**YOUR OBJECTIVE**
Would you reproduce the whole listing exactly, minus its images?

START PROVIDED MATERIAL

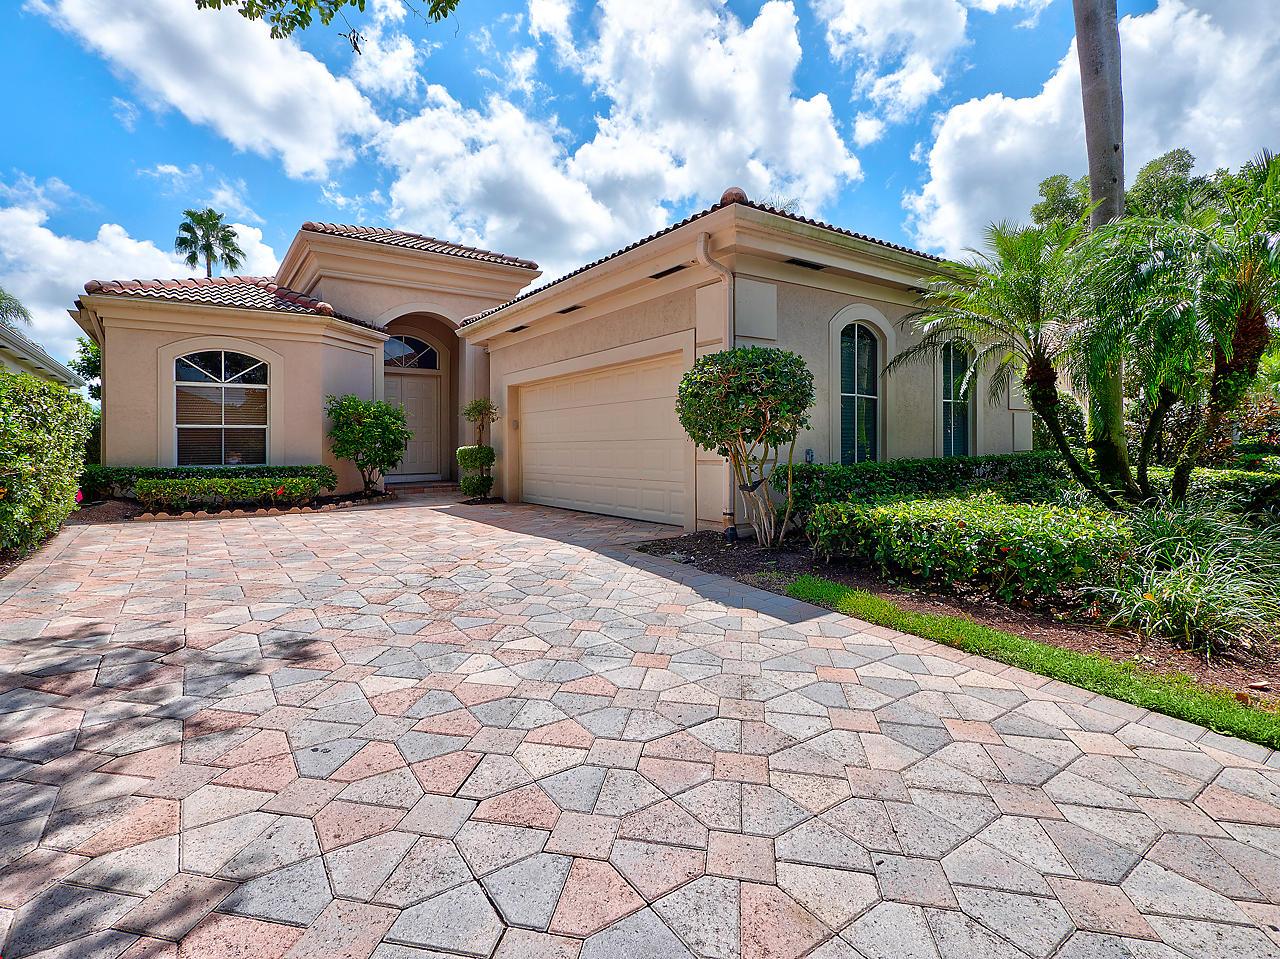 132 Isle Drive Palm Beach Gardens,Florida 33418,3 Bedrooms Bedrooms,3 BathroomsBathrooms,A,Isle,RX-10464916
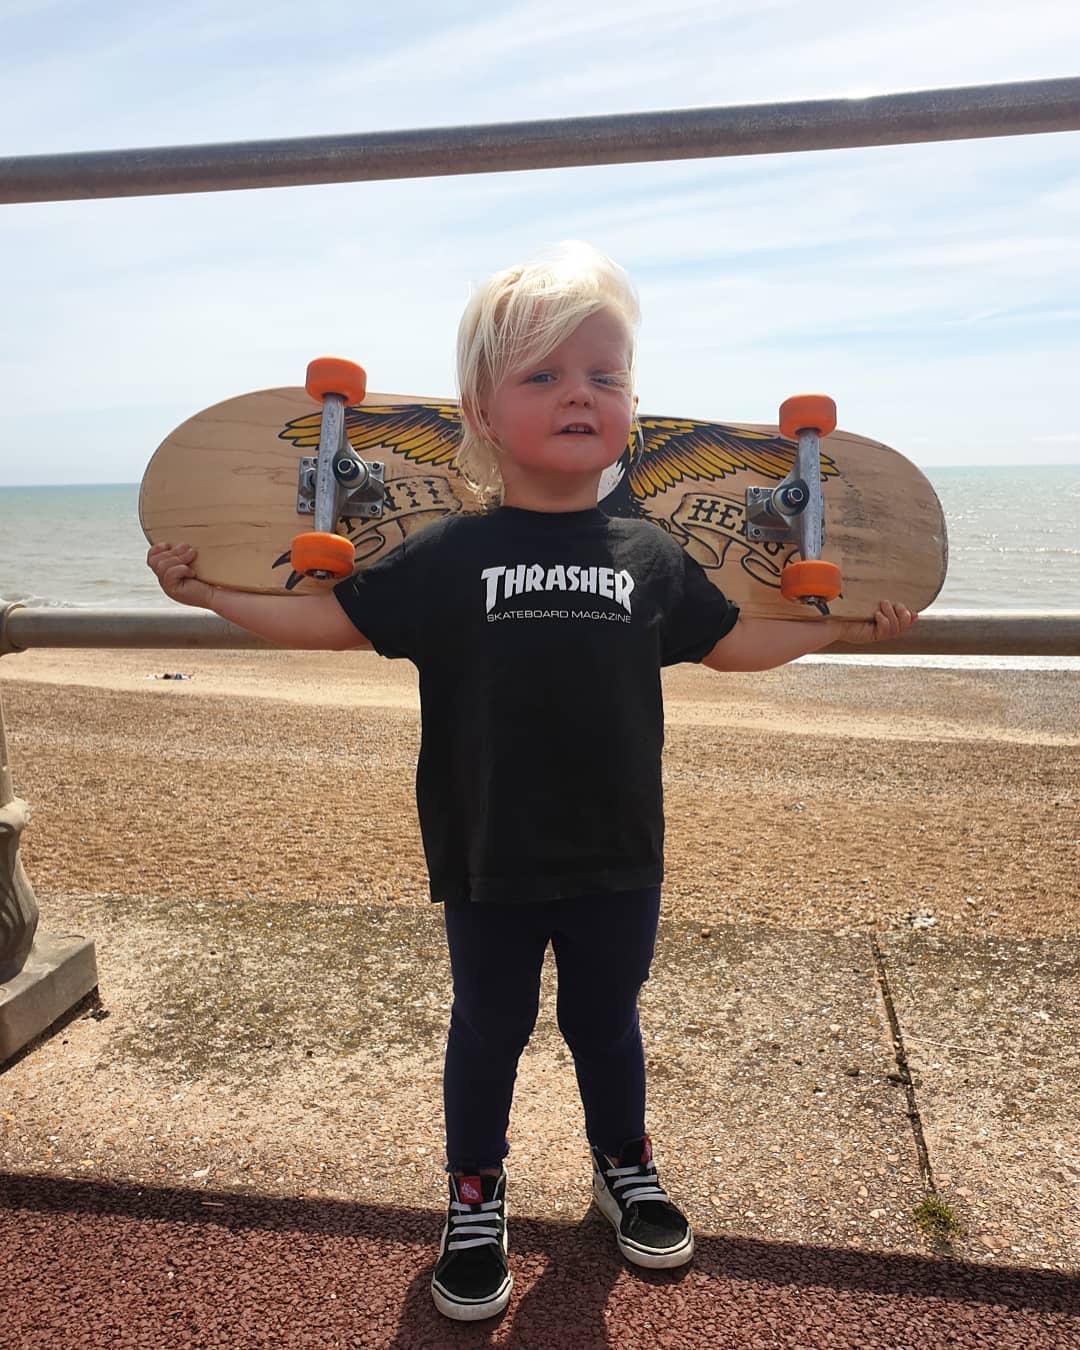 Conoce a Autumn California Bailey, la skater badass de 3 años que se hizo viral en Instagram
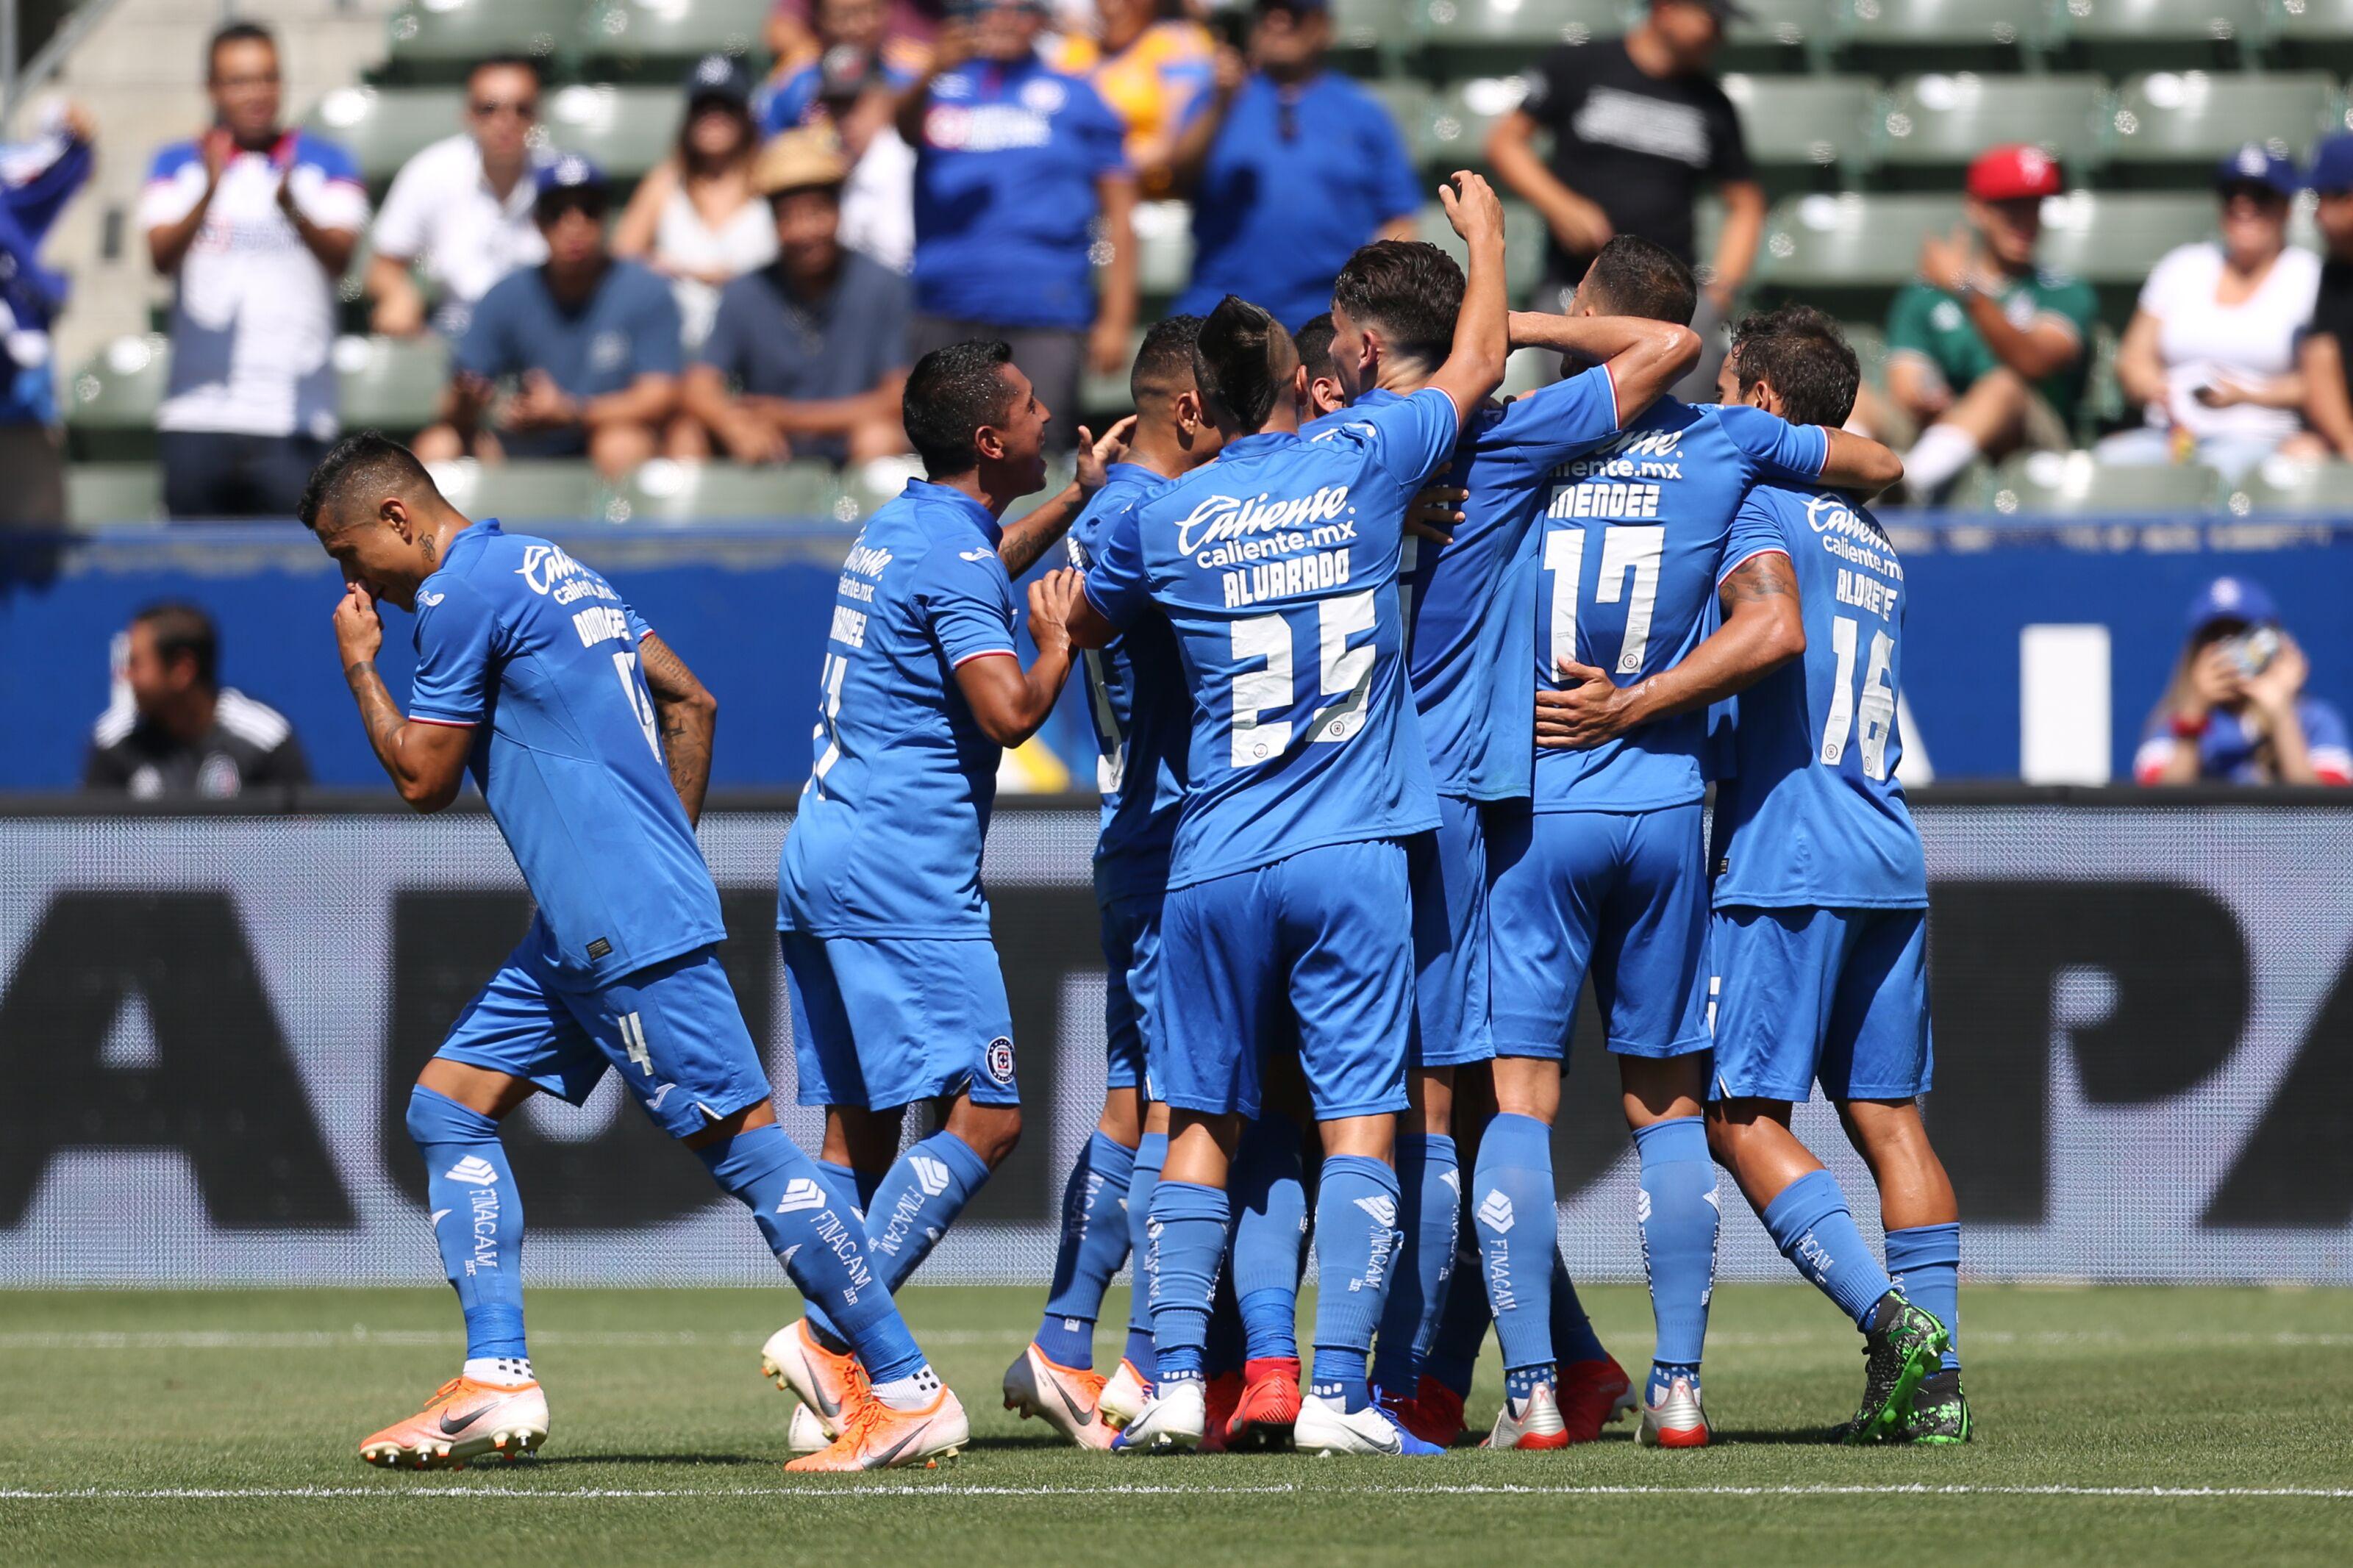 Cruz Azul claims first trophy of season in SuperCopa finale

END PROVIDED MATERIAL

**PROBLEM SOLUTION**
 132 Isle Drive Palm Beach Gardens,Florida 33418,3 Bedrooms Bedrooms,3 BathroomsBathrooms,A,Isle,RX-10464916
 Conoce a Autumn California Bailey, la skater badass de 3 años que se hizo viral en Instagram
 Cruz Azul claims first trophy of season in SuperCopa finale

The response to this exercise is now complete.